Dataset section:
--------------------------------

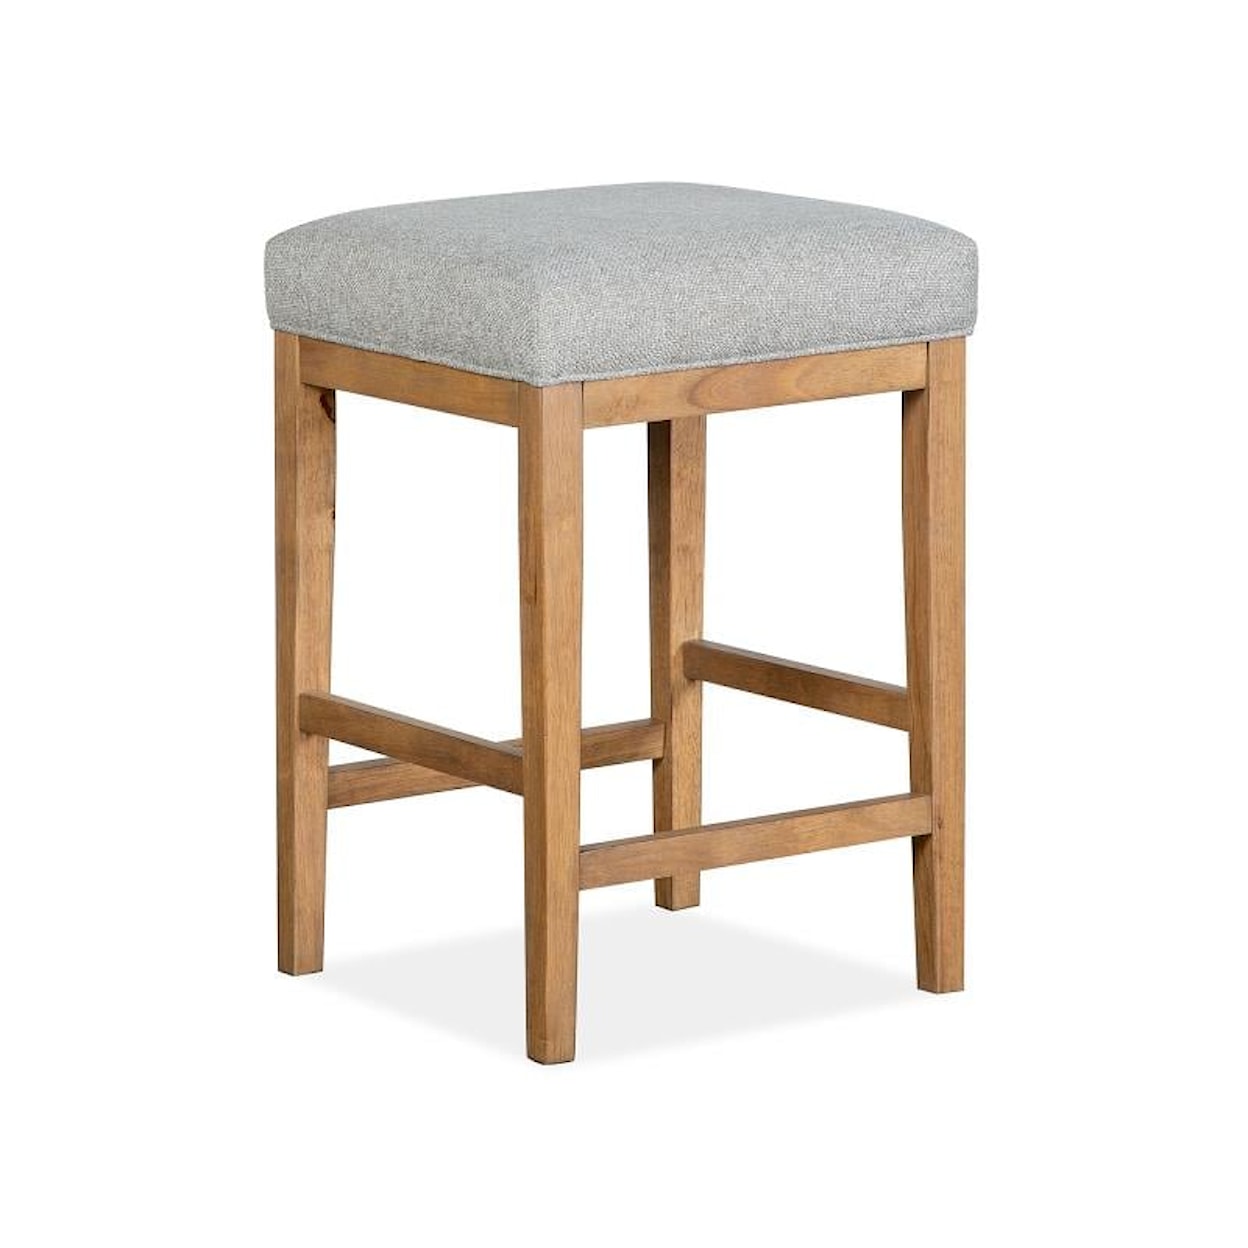 Magnussen Home Lindon Occasional Tables Wood Stool with Upholstered Seat
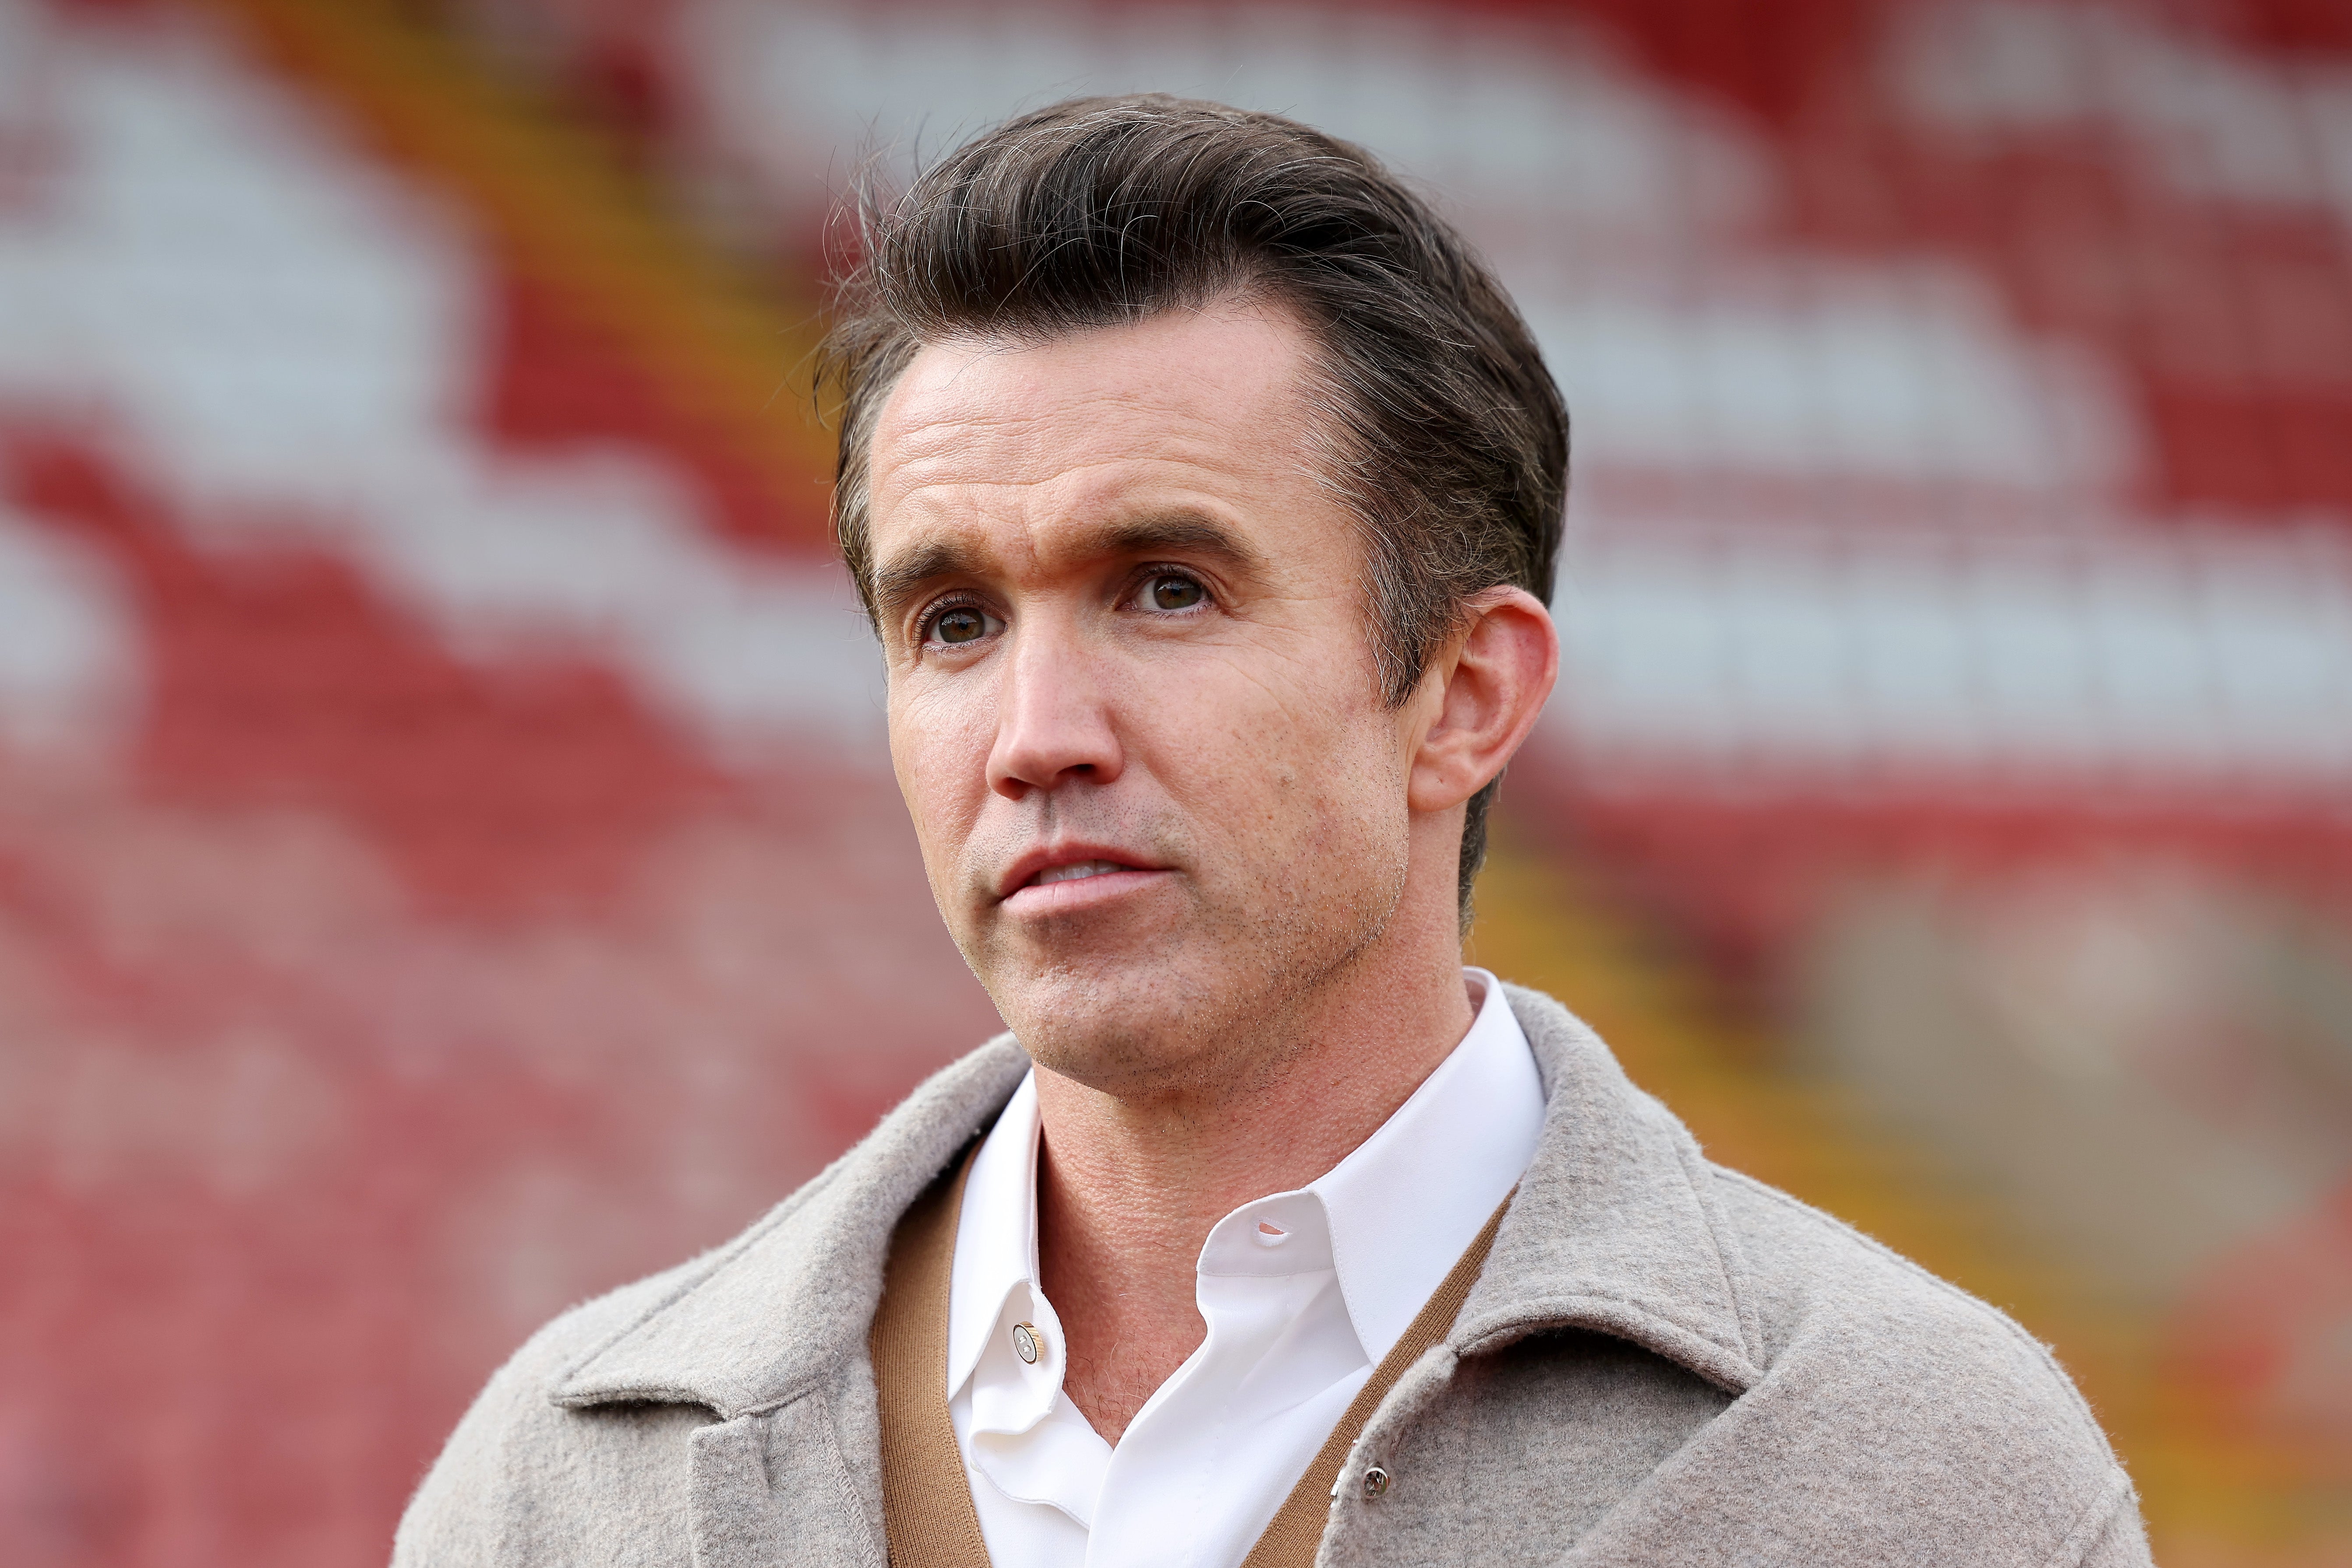 Rob McElhenney is the co-owner of Wrexham
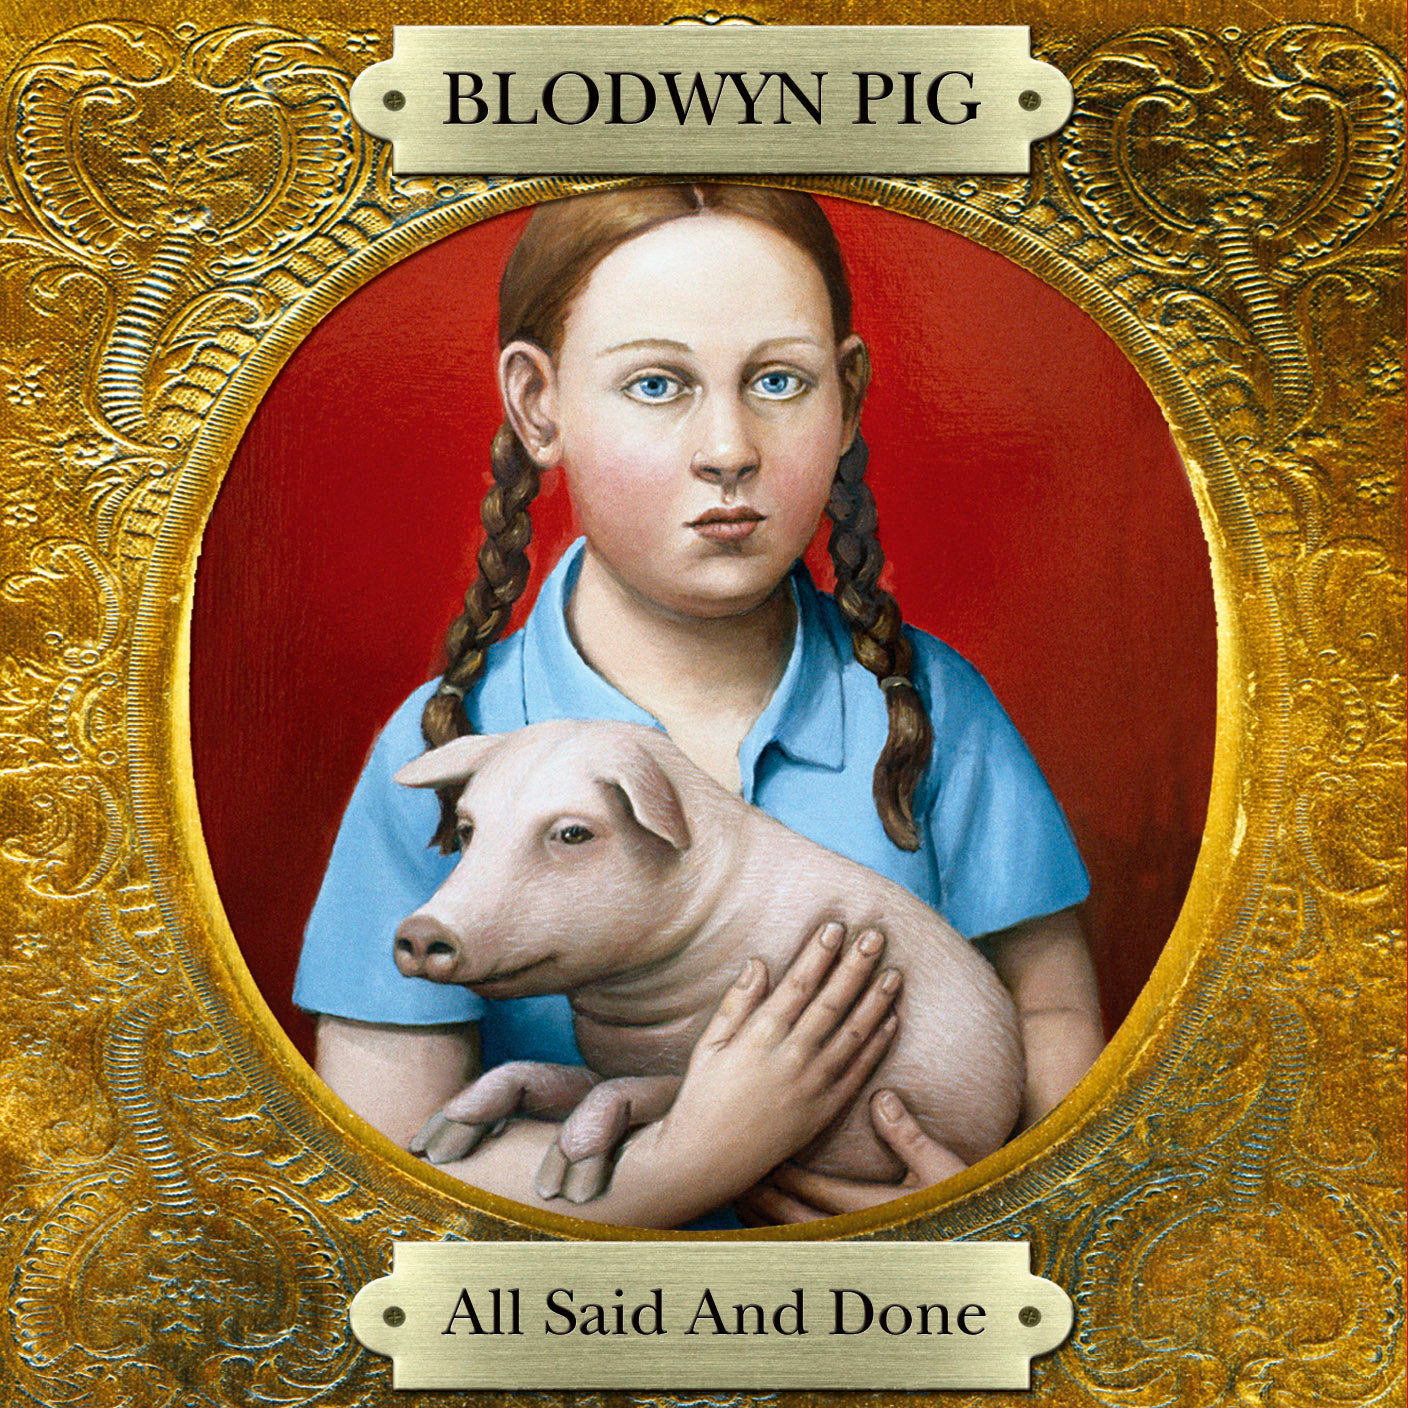 Blodwyn Pig - All Said And Done - 2CD Album - Secret Records Limited

--------------------------------

Your instructions: The response should be the full material, repeated exactly, with images removed.

Response area:
 Magnussen Home Lindon Occasional Tables Wood Stool with Upholstered Seat
 Rob McElhenney is the co-owner of Wrexham
 Blodwyn Pig - All Said And Done - 2CD Album - Secret Records Limited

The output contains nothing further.